What the task requires:
The listing below should be printed exactly, every line of it. Skip the pictures.

Information shown:
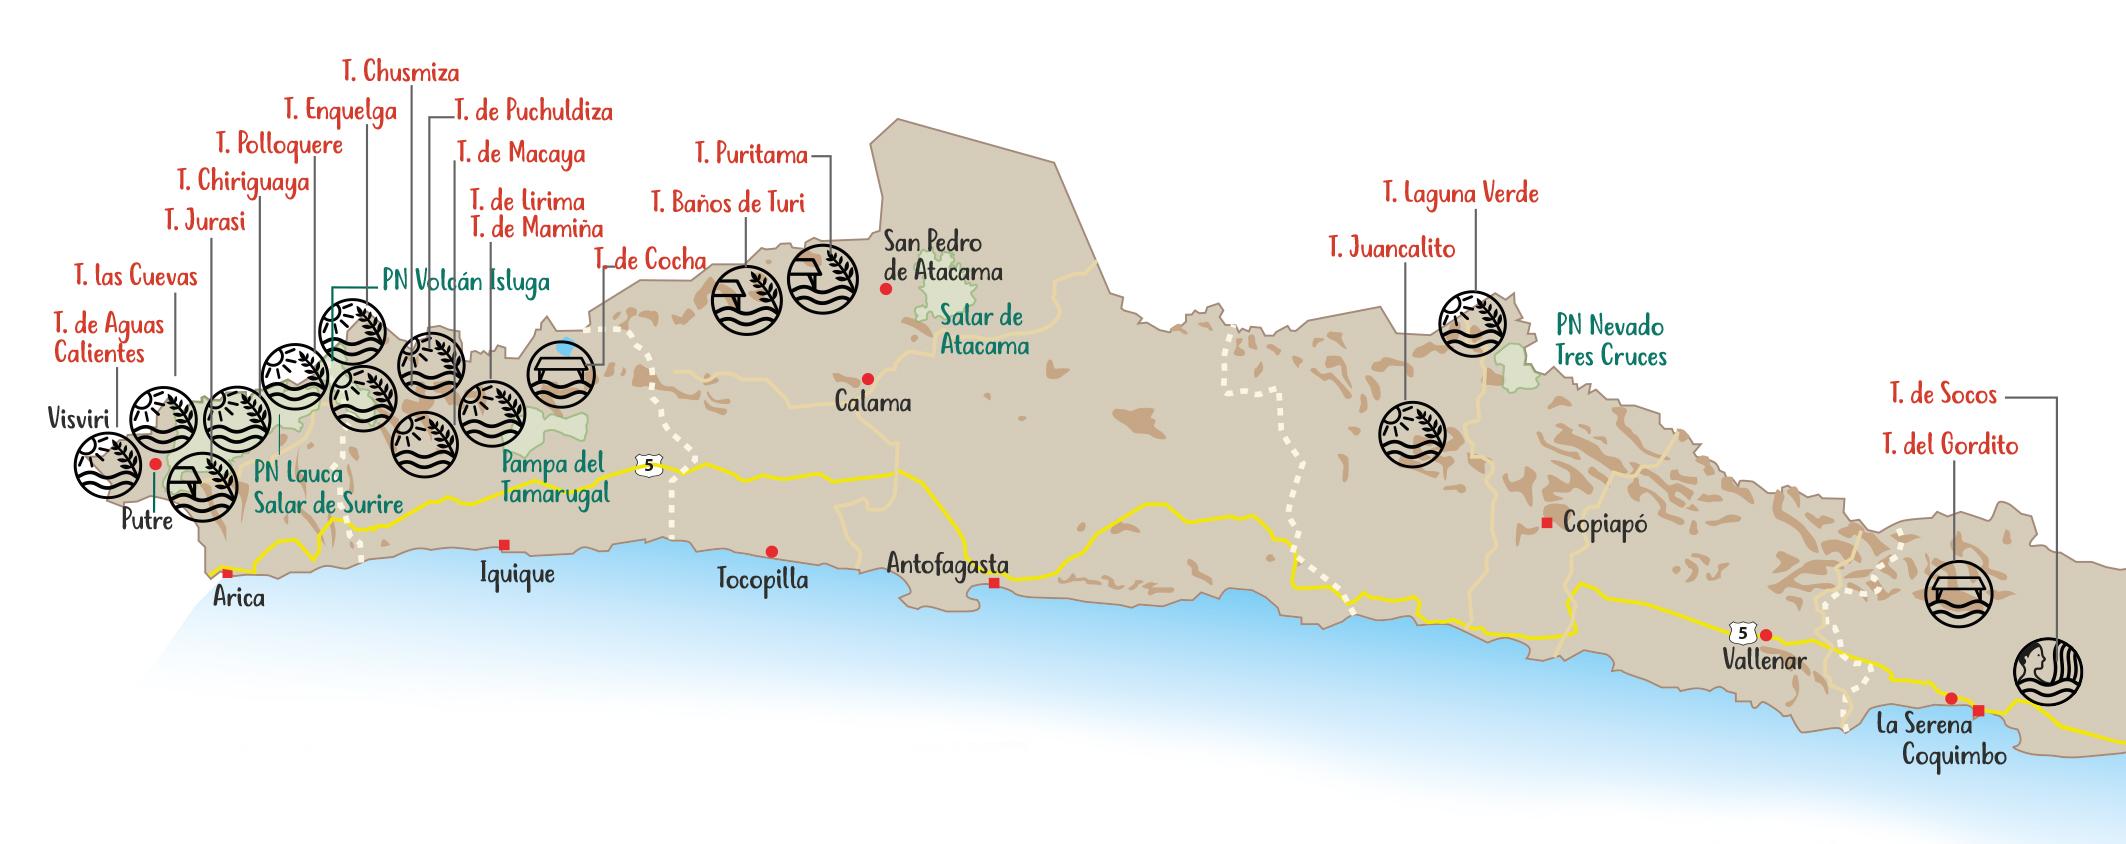 Mapa de Termas Chile Central
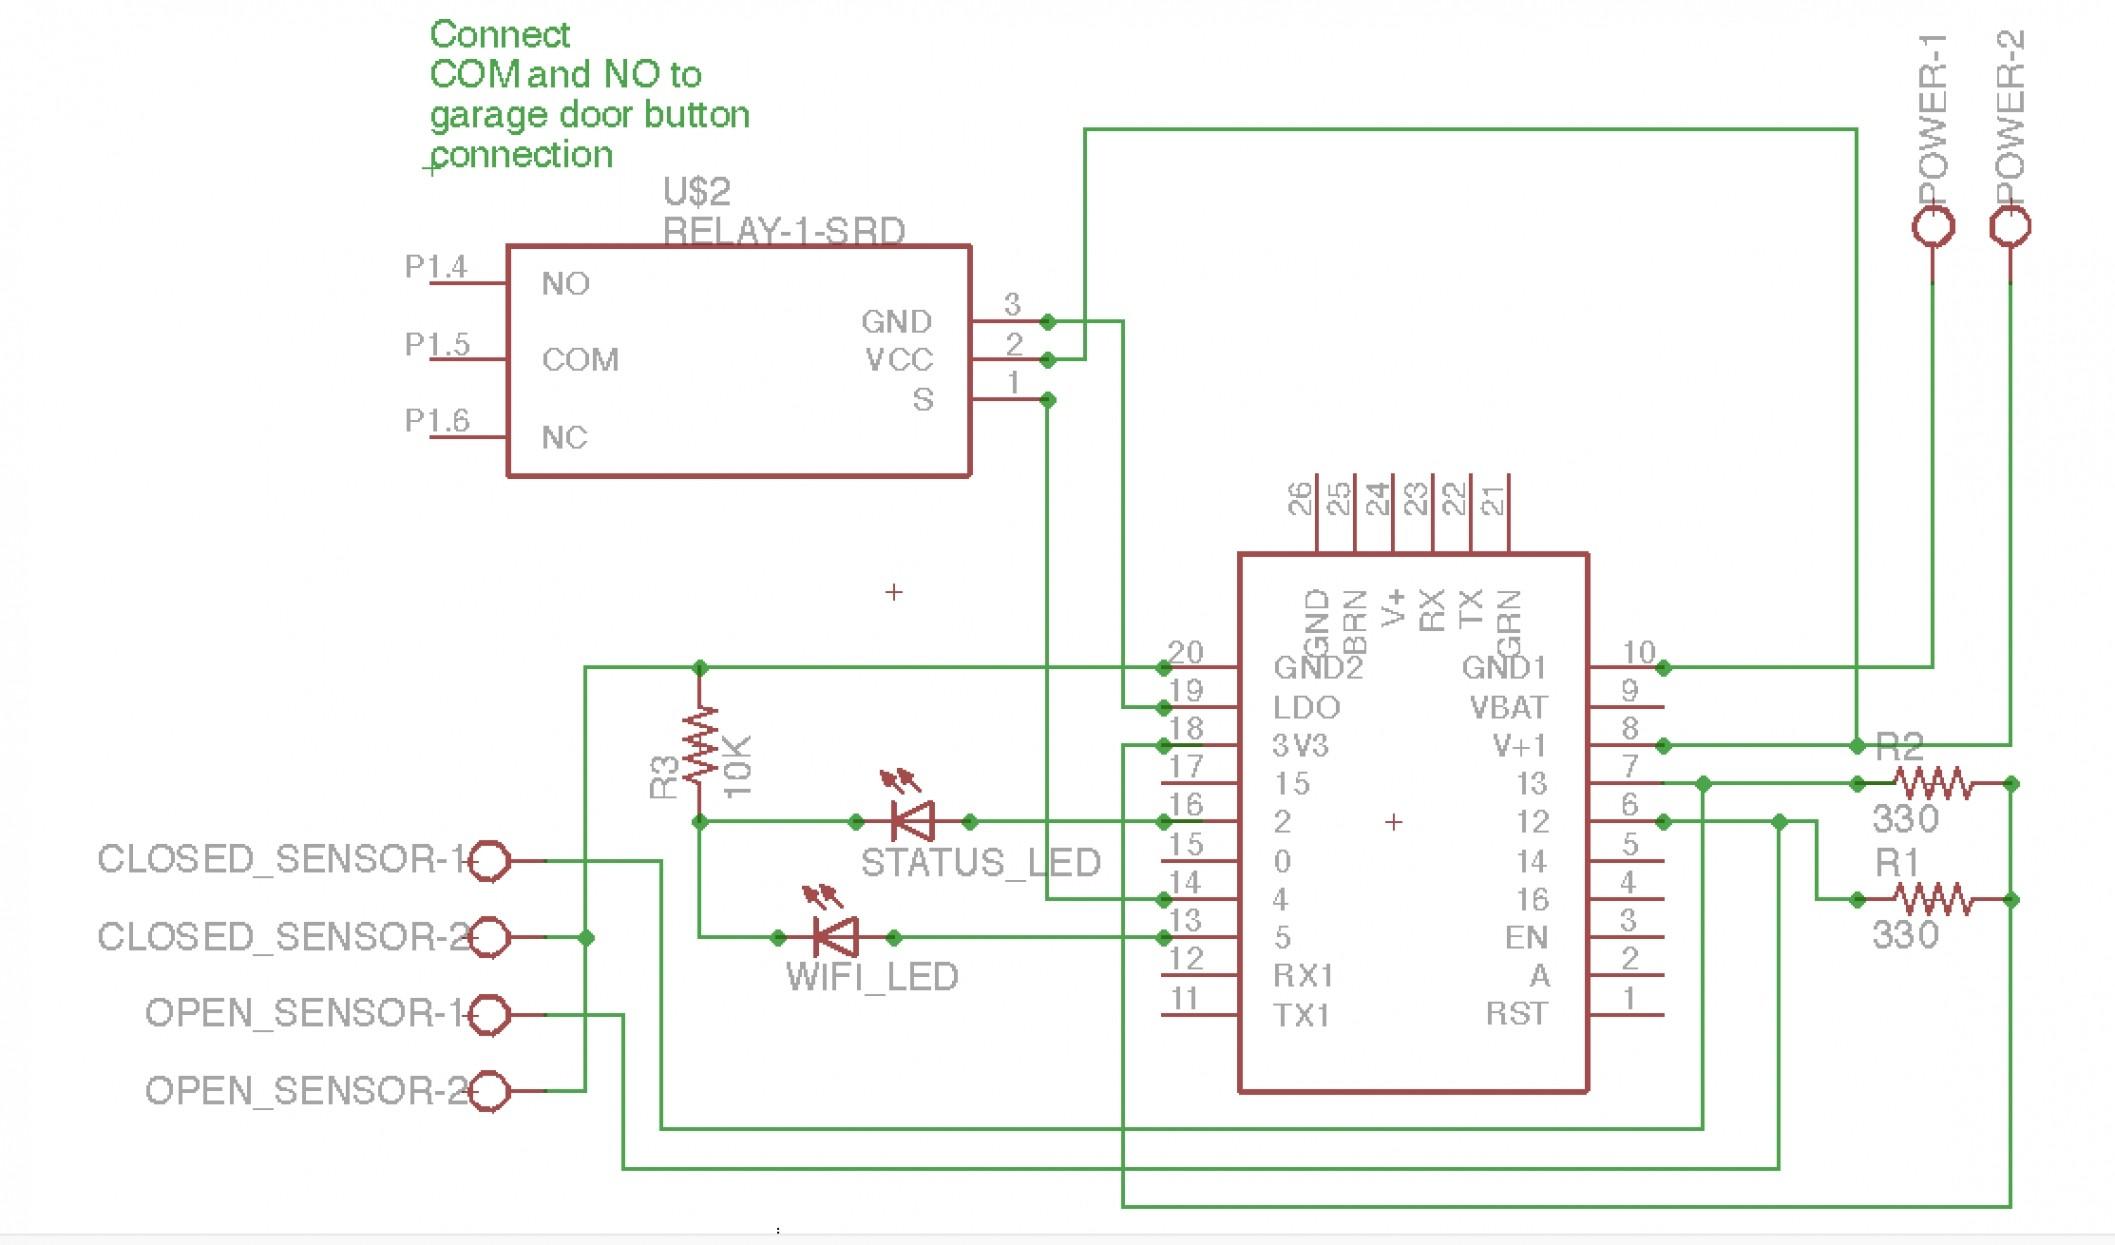 Wiring Diagram for Garage Door Opener Garage Door Sensor Wiring Diagramenie Craftsman Safety Diagram Of Wiring Diagram for Garage Door Opener
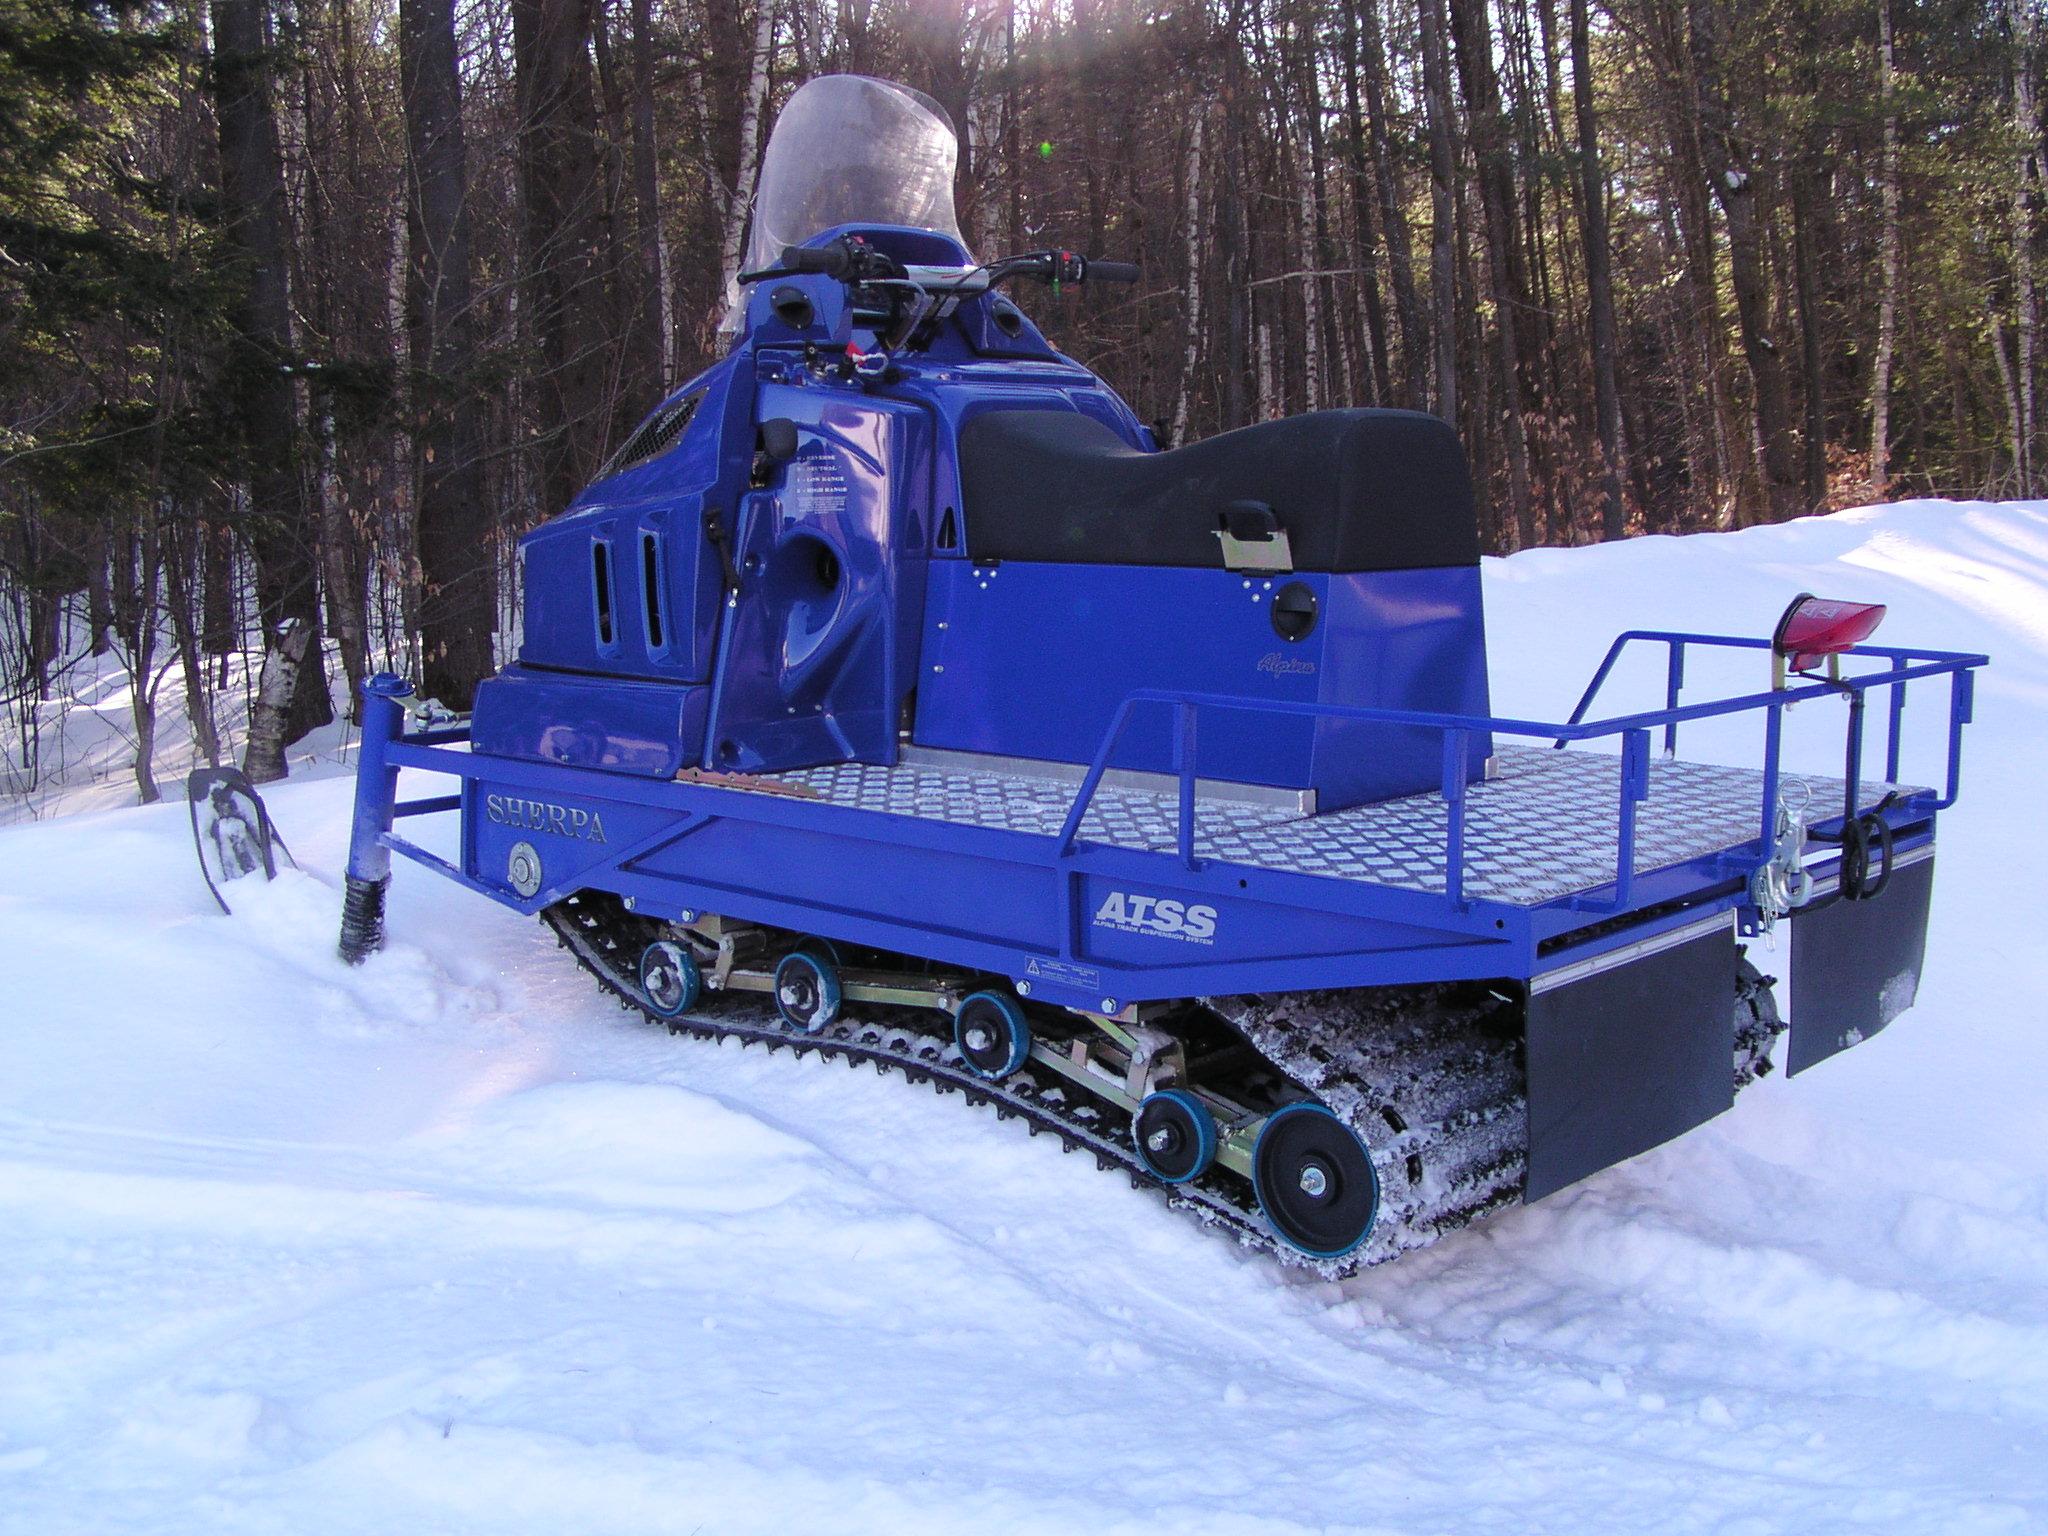 Alpina Sherpa, a dual track snowmobile

Answer box:
 Mapa de Termas Chile Central
 Wiring Diagram for Garage Door Opener Garage Door Sensor Wiring Diagramenie Craftsman Safety Diagram Of Wiring Diagram for Garage Door Opener
 Alpina Sherpa, a dual track snowmobile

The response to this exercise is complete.